Centennial Celebration in Charlottesville

By: Jummy Olabanji Email
By: Jummy Olabanji Email

February 3, 2007

All weekend long, people throughout the Charlottesville community gathered to commemorate the life of a man who many would consider a model citizen: The Reverend Charles H. Brown.

“My father was by trade a builder and by nature a humanitarian,” said Angie B. Jefferson, Browns’ daughter.

A man whom many remember for his kind and giving spirit, always there putting others needs before his.

“Most of all as a builder, he often built houses for people who would not have ordinarily been able to afford a home at that time,” said Jefferson.

That time, the 1950's, was a time when many blacks in Charlottesville and the surrounding areas needed someone like the late Rev. Brown to help them fulfill their home owning dreams.

Rev.
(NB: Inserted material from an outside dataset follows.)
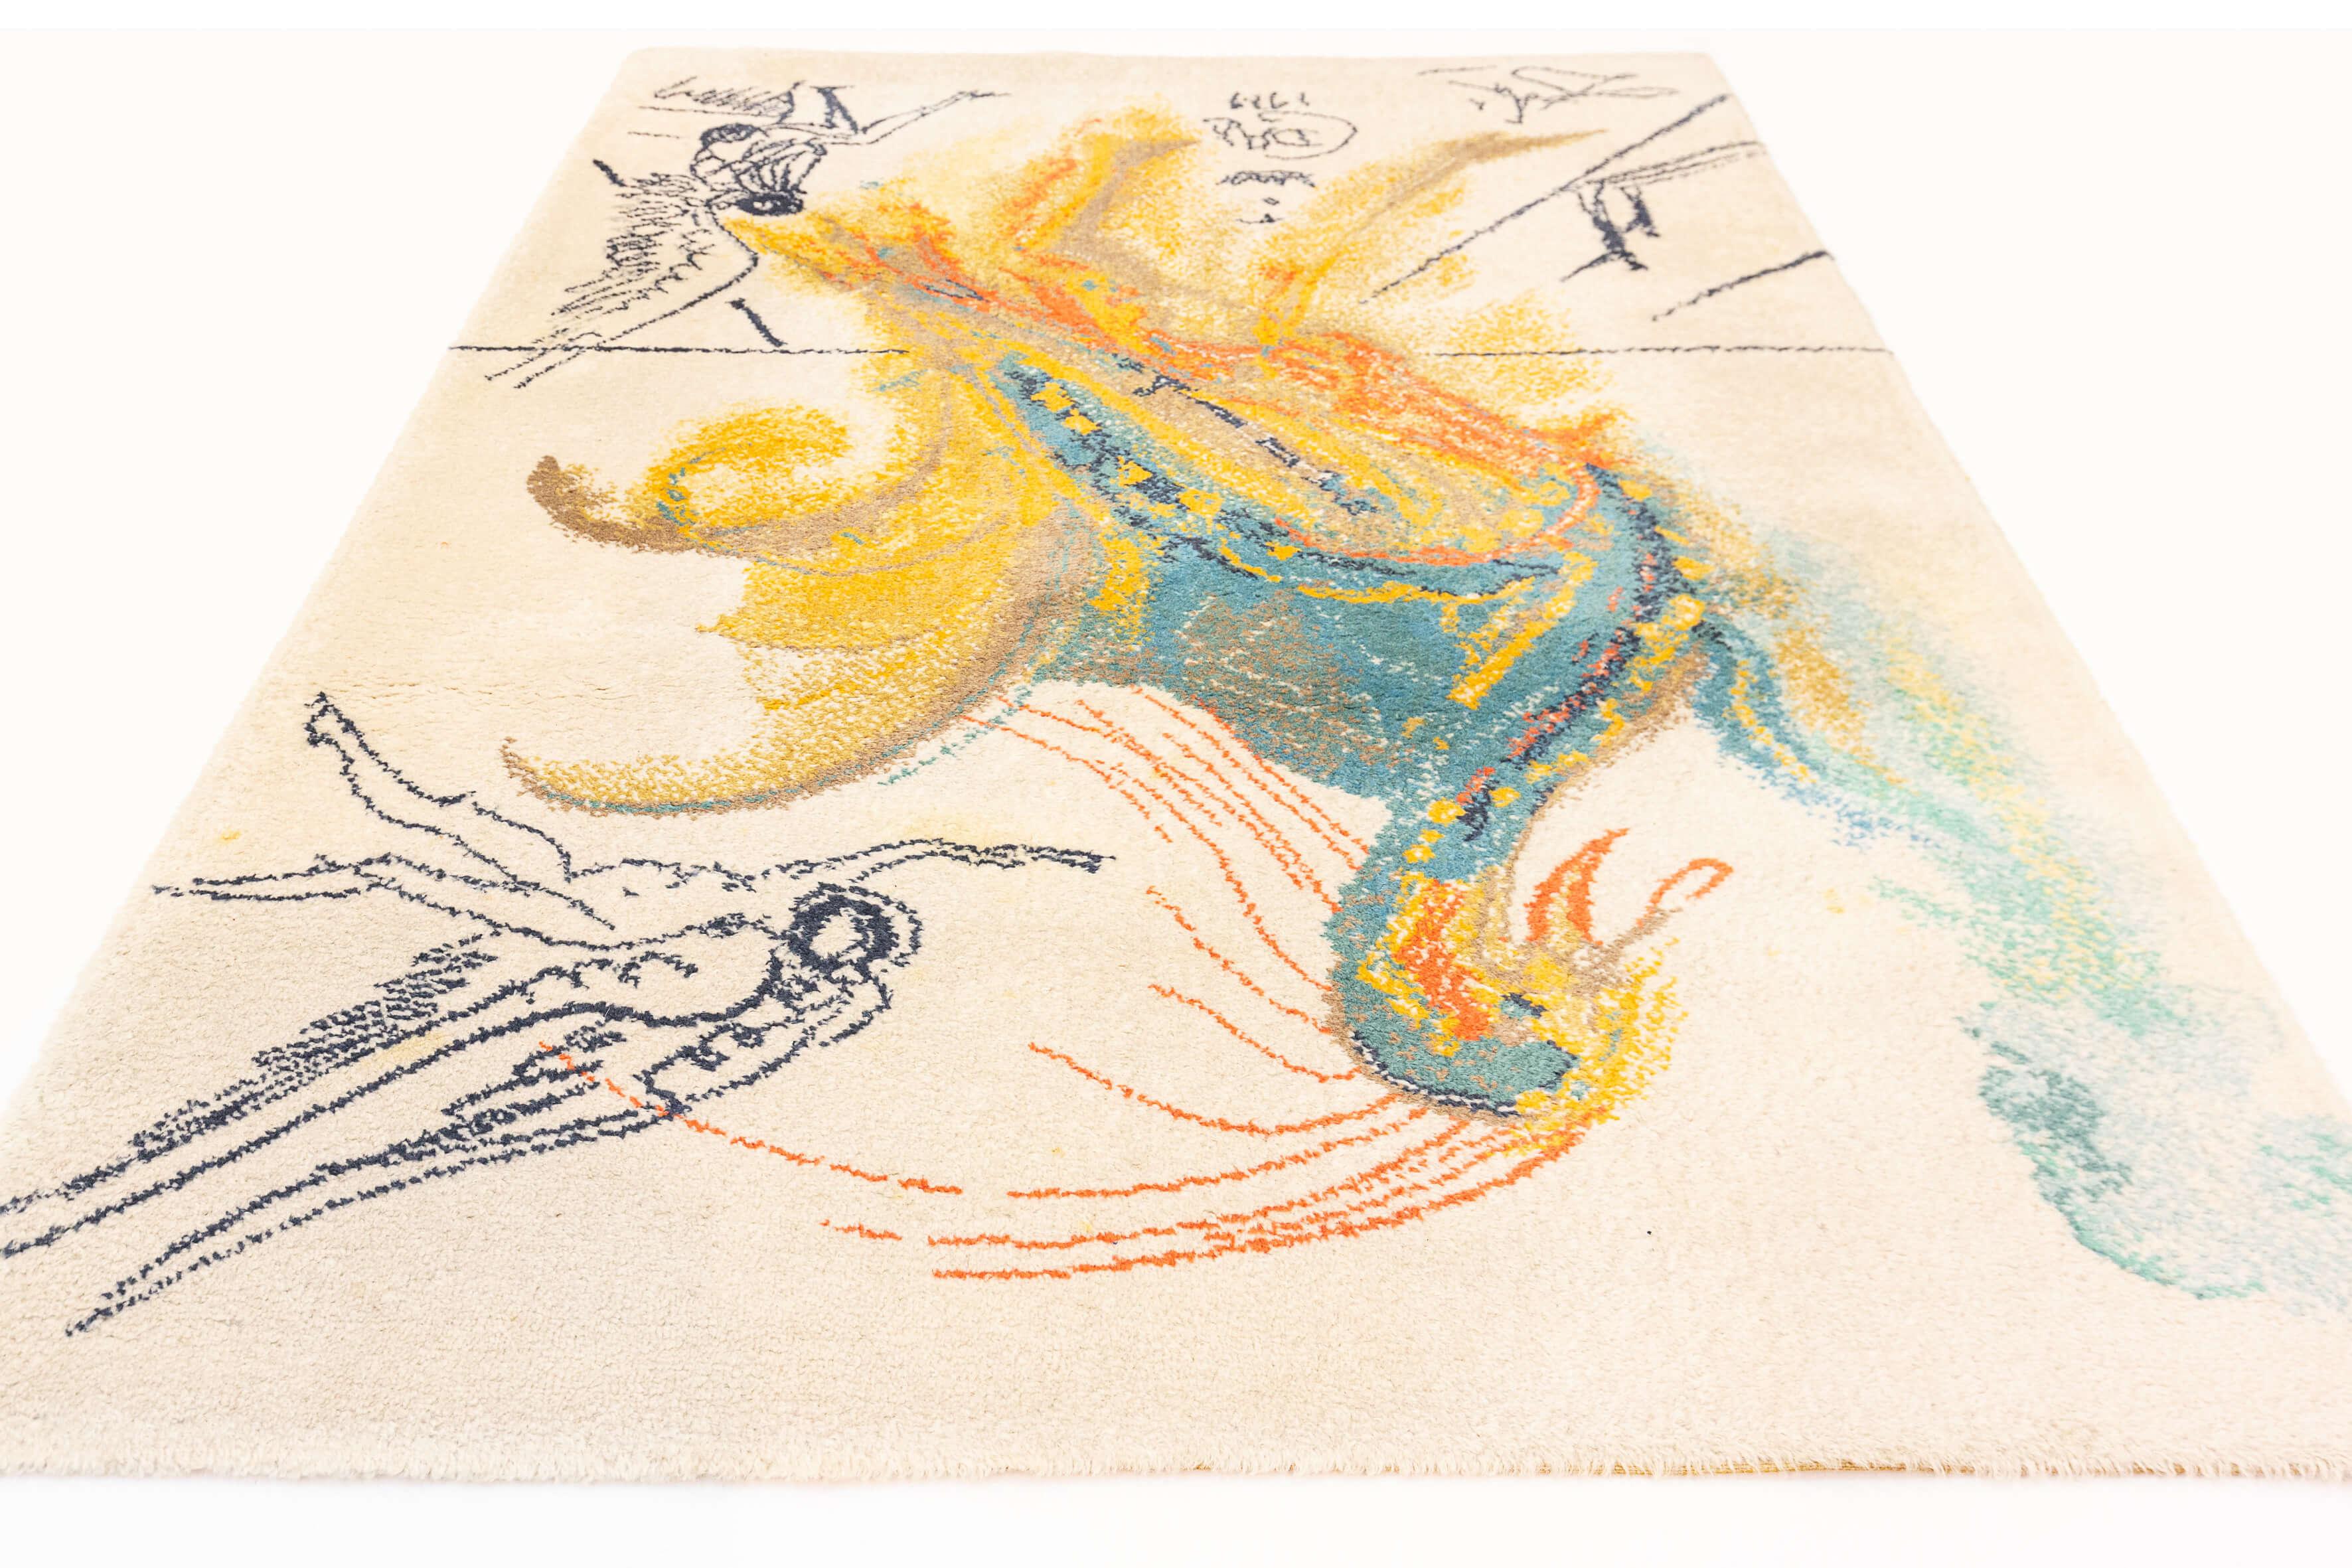 This is a mid-century rug featuring artwork by Salvador Dalí, the renowned Spanish surrealist artist. The piece is a representation of Dalí's unique and fantastical style, depicting an abstracted, colorful phoenix-like creature in the midst of a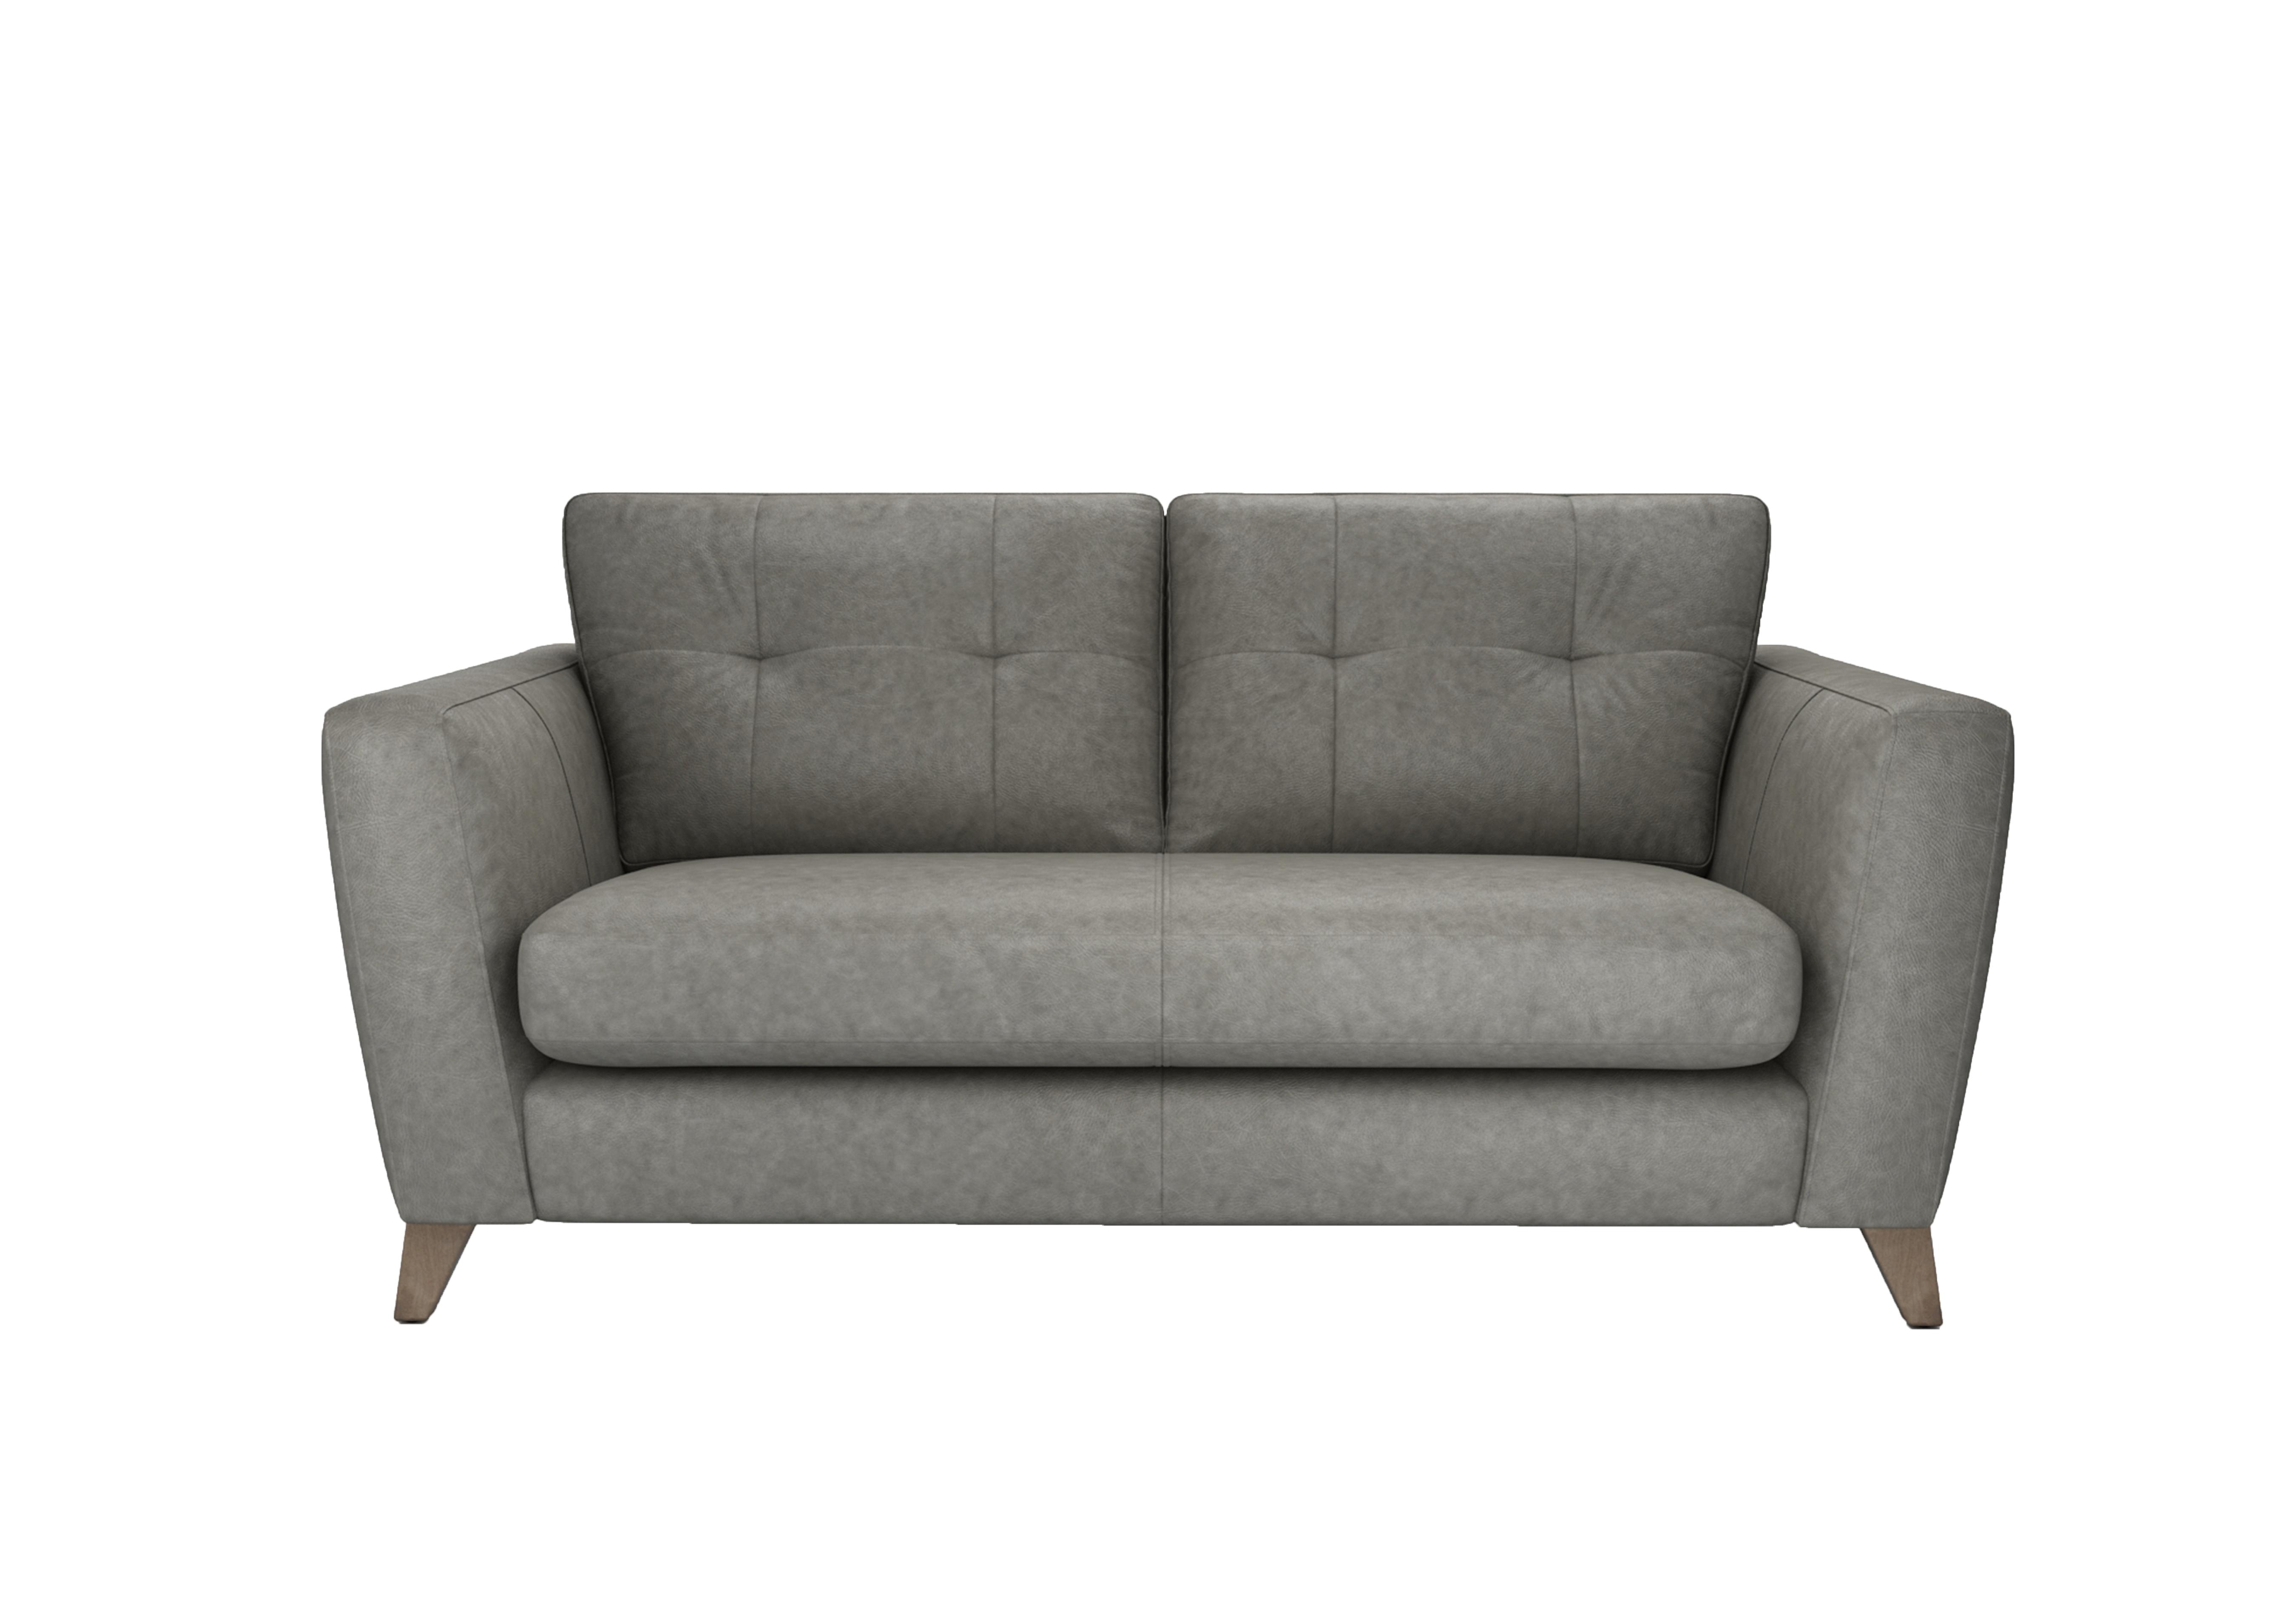 Hermione 2.5 Seater Leather Sofa in Amo191 Amonite Wo Ft on Furniture Village

Brown acquired much of the land that today sits at 12th Street NW in downtown Charlottesville, a place where he built many a house that still sits there today.

“In fact, last year there was one that sold for about 200,000 dollars,” said Jefferson.

Rev. Brown’s reputation as an honest citizen gained the respect of both blacks and whites in Charlottesville.

His kind spirit even stretched as far as the grounds of UVA.

“The ties to the university are actually the black voices, at a time when black students, or minority students, had no say,” said Jefferson.

Rev. Brown opened up his heart and the doors of his church to the black voices, allowing them a place to practice their songs and forget all their problems.

That church, Holy Temple Church of God in Christ still stands in Charlottesville today just the way the late Rev, Brown built it fifty years ago.

Brown was born on February 2nd 1907 and would have been 100 years old this year.